[PATCH] D123782: [AArch64] Generate AND in place of CSEL for Table Based CTTZ lowering in -O3
Dave Green via Phabricator via llvm-commits
llvm-commits at lists.llvm.org
Fri Apr 22 03:51:08 PDT 2022
dmgreen added a comment.
>> As far as I understand this should be testing for select (icmp eq X, 0), 0, cttz X and converting it to and(cttz X, #bw-1). If so there are more conditions that need to be checked.
>
> What other conditions do you think should be added other than checking for 0 and cttz?
It looks like this checks for the select/CSEL, and the icmp/SUBS with a 0, but not the "eq" yet, and not the "0" in the select/csel. It also doesn't check that the X in the icmp and the X in the cttz are the same?

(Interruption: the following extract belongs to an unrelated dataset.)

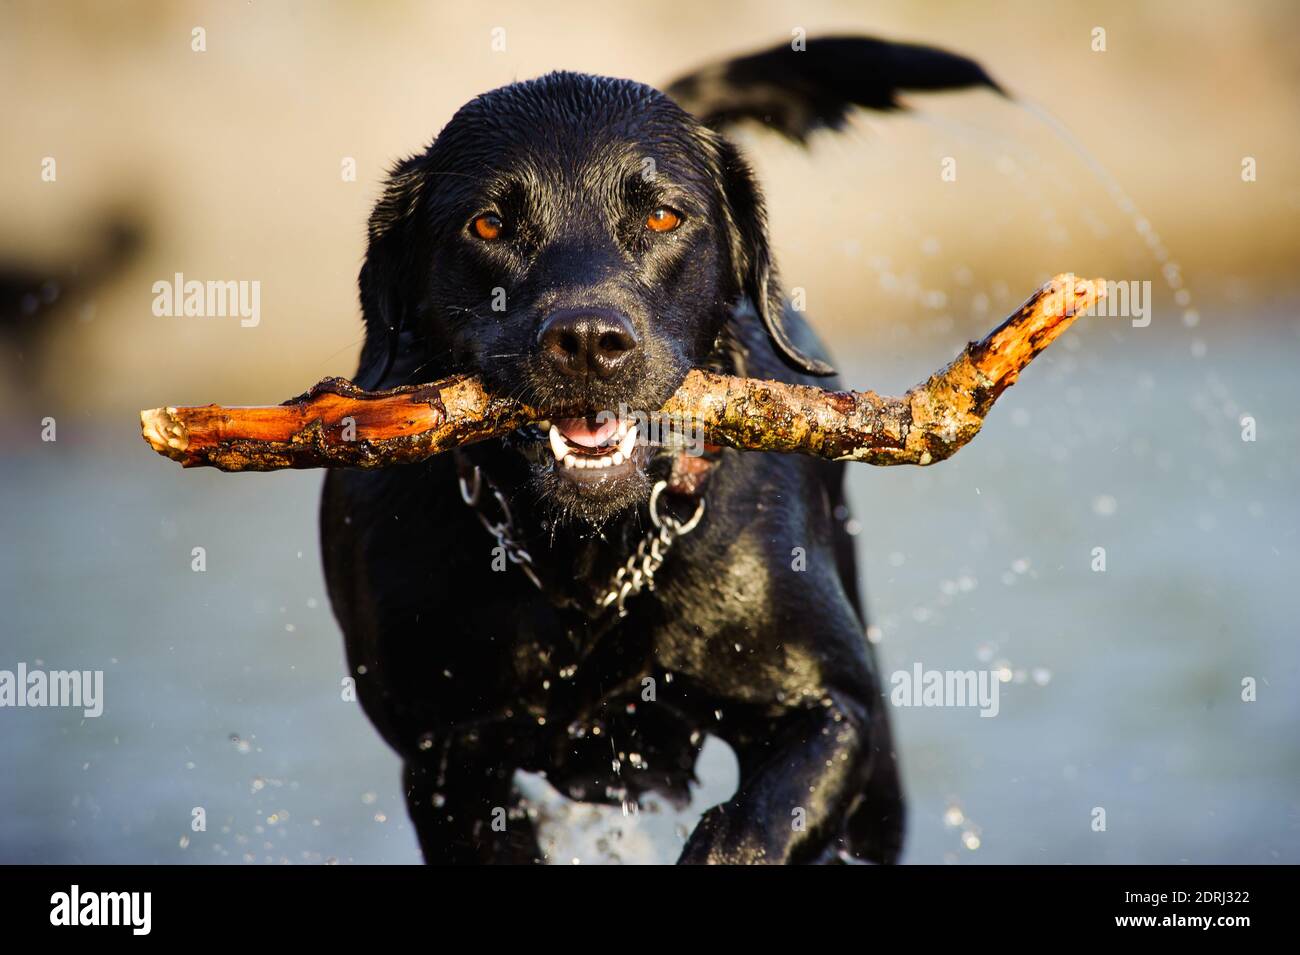 Close-up Portrait Of Dog Carrying Stick In Mouth Stock Photo

It would be worth adding test cases for the cases it should not fold.
================
Comment at: llvm/lib/Target/AArch64/AArch64ISelLowering.cpp:17460
+ SDValue N2 = N->getOperand(2);
+ bool isZero = cast<ConstantSDNode>(N2.getNode())->isZero();
+ if (N1.getOpcode() == ISD::CTTZ && isZero) {
----------------
craig.topper wrote:
> rahular-rrlogic wrote:
> > dmgreen wrote:
> > > As far as I can tell this is checking that the condition code is 0? It would be better to check that it is equal to AArch64CC::EQ.
> > No, this is a mistake. I was intending to check if the operands are 0 and cttz. I will change that. Is a check for the condition being EQ really required, though?
> There's a function called `isNullConstant` that can be used here.
It should probably be something like this, if the value is a condition code.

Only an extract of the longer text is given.